Alexander Gordin, a Manhattan-based investment banker and Ukraine-born trade consultant, warns exporters to scrutinize invoices, deal terms, contracts and correspondence for evidence of the kind of subtle corruption pervasive in many emerging markets. Are expenses higher than they might have been under similar circumstances, for example, but your distributor won’t explain why? Are you’re getting invoices without cost breakdowns? These could be close-to-the-vest business practices, or evidence to the feds you’re practicing international skullduggery.

“Corruption hasn’t become more controlled,” says Gordin. “Rather, it’s become more pervasive. You can’t do business overseas with your eyes closed. The question is not: Will you be asked to pay a bribe? It’s when they ask you to pay a bribe, what will you do?”

 

A Short List of Gray Areas Under FCPA

Who’s official, who’s not?

Ministers in a capital city are, obviously, officials. So may be the farmer who runs a provincial post office part time.
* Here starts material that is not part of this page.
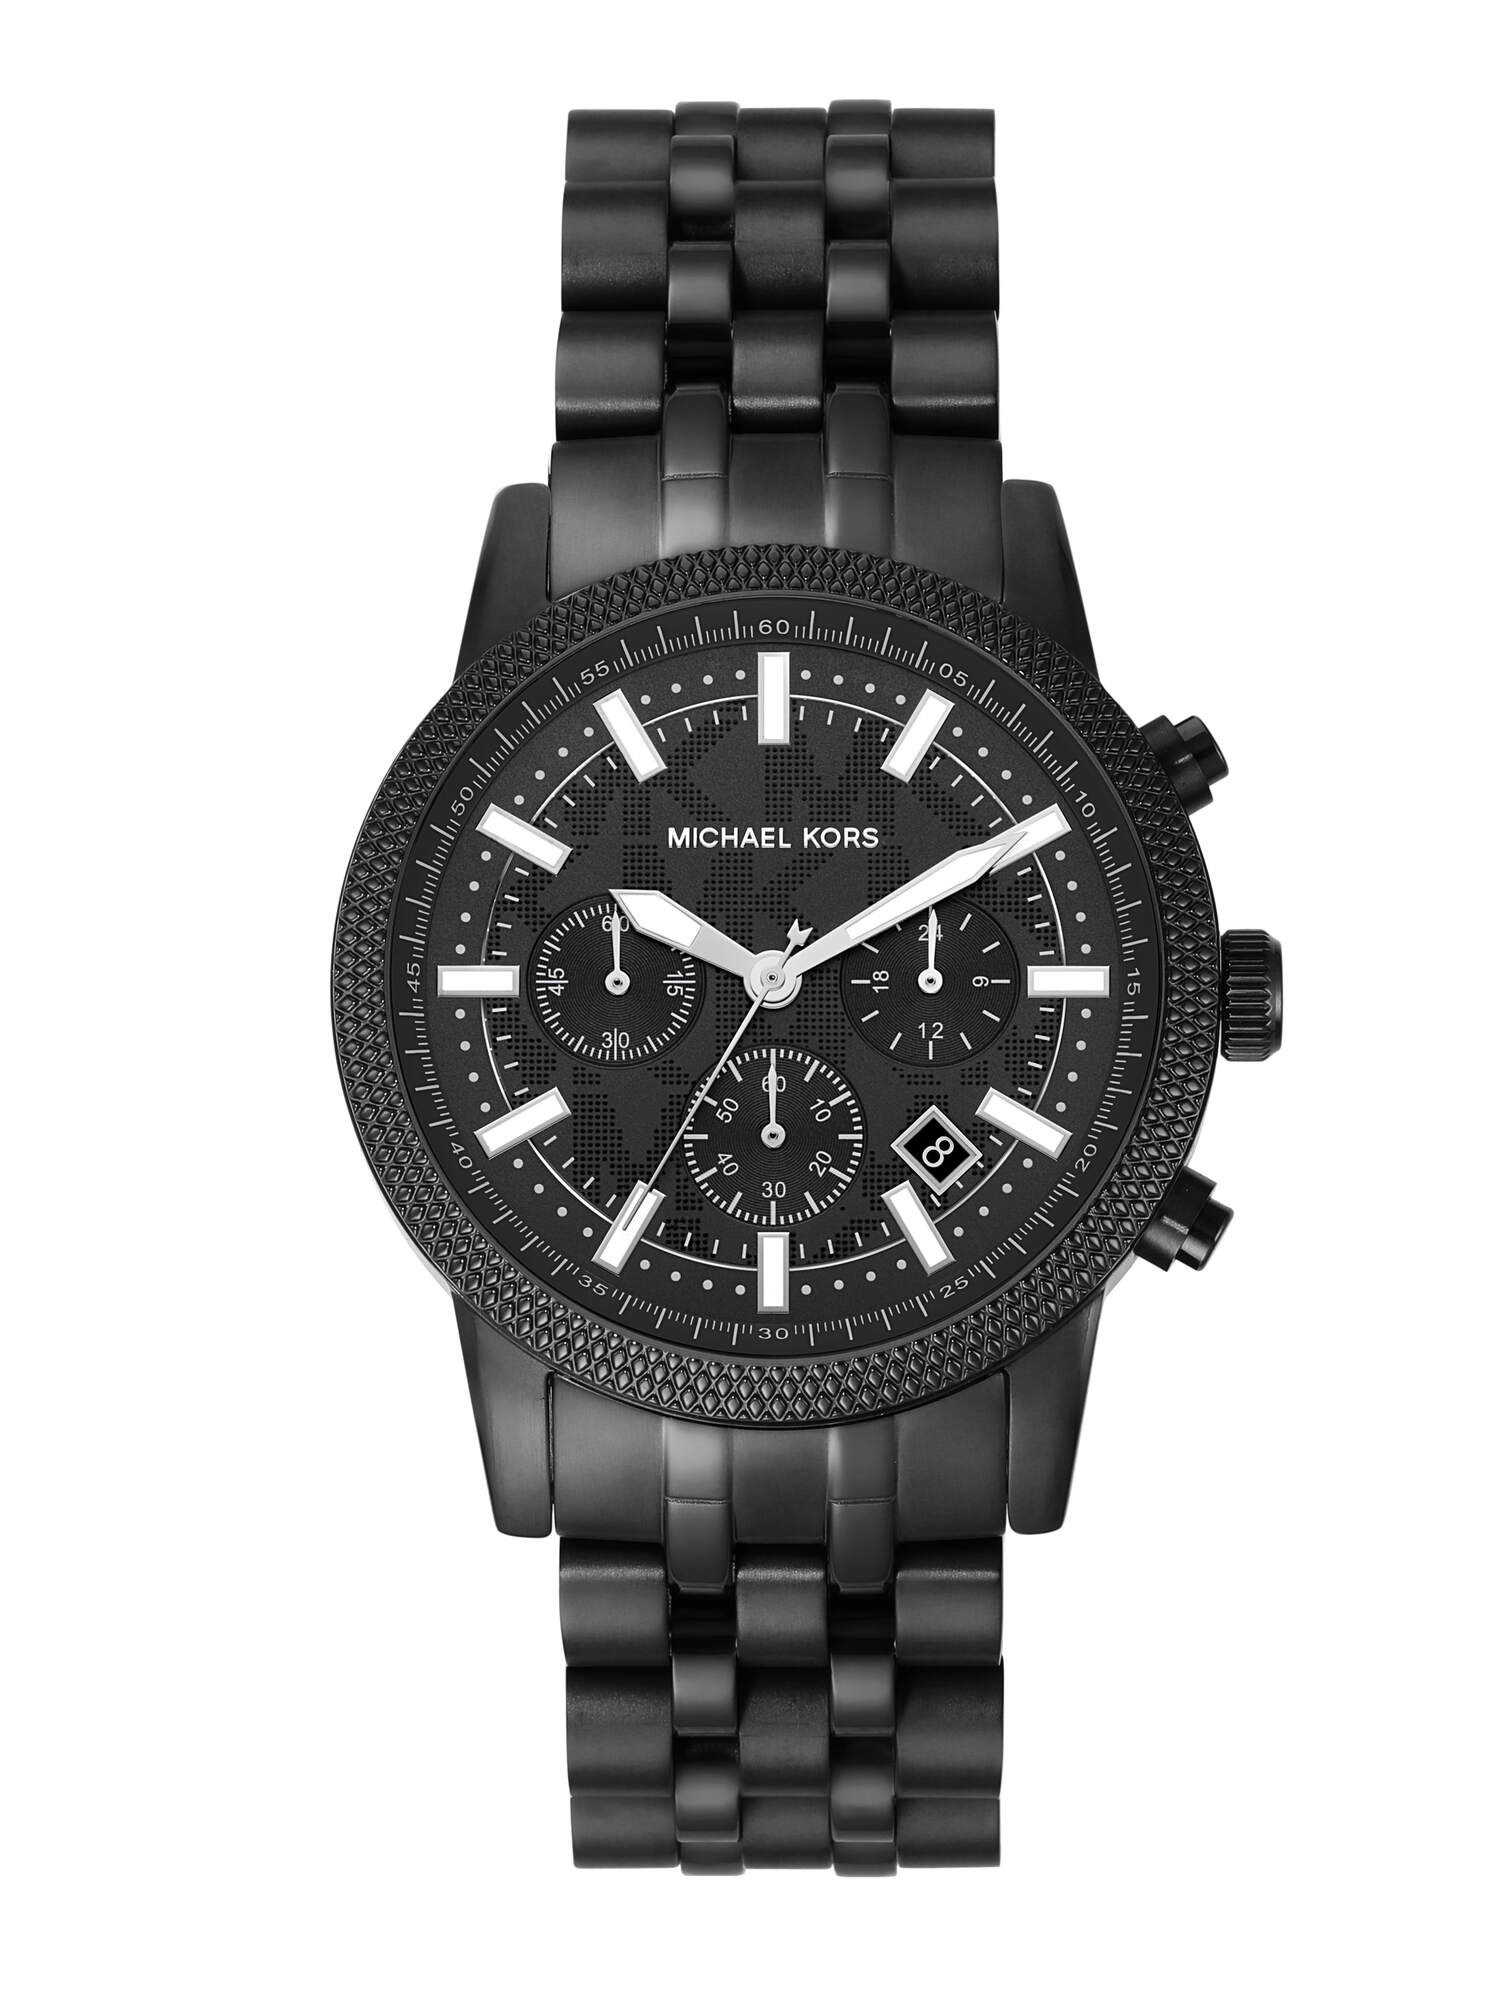 Michael Kors Hutton Black Watch MK9089 - Watch Station India

So may be the pilot of a government-owned airplane, the moonlighting professor at a public university and the hospital physician whose family business distributes medical equipment.

Rule of thumb: Anyone on a government payroll is an official.

 

Reasonable fees

You can pay a fee to an official to accelerate a service—for example, to guarantee completing your permit process within seven days. However, you cannot pay a fee to get a permit to sell something prohibited, or to occupy a location ruled off limits. Size of gray area: Vast.

Rule of thumb: Avoid paying “upgrade” fees.

 

Vetting overseas partners

Ignorance of criminal behavior on the part of your partners is an acceptable defense—sometimes. Prosecutors will want to know if you took every possible step to learn your partners’ background before you signed any contracts with them, and that you made real attempts to monitor their activities once they signed with you.

Rule of thumb: Require affidavit attesting to partner’s clean history and knowledge of and commitment to FCPA compliance.

 

Systems in place

Have you trained your employees to recognize unethical or illegal behavior? Do you have anti-corruption compliance programs in place? Protection for whistleblowers? An invoice template that specifies each reimbursement?

Rule of thumb: Purchase a FCPA compliance module, or contract a consultant to create one for you.

 

Hard to Swallow

On August 7, Pfizer became the lates company to settle charges of conspiracy and violations of the Foreign Corrupt Practices Act, stemming from its Wyeth subsidiary’s business activities in Russia, Croatia, Kazakhstan and Bulgaria. The drug company agreed to pay a $15 million Justice Department penalty and more than $26.3 million to the Securities and Exchange Commission to disgorge profits it earned in these countries. “Those that attempt to make these illegal back-room deals to influence contract procurement can expect to be investigated by the FBI and appropriately held responsible for their actions,” thundered James McJunkin, assistant director in charge of the FBI’s Washington Field Office, in a statement.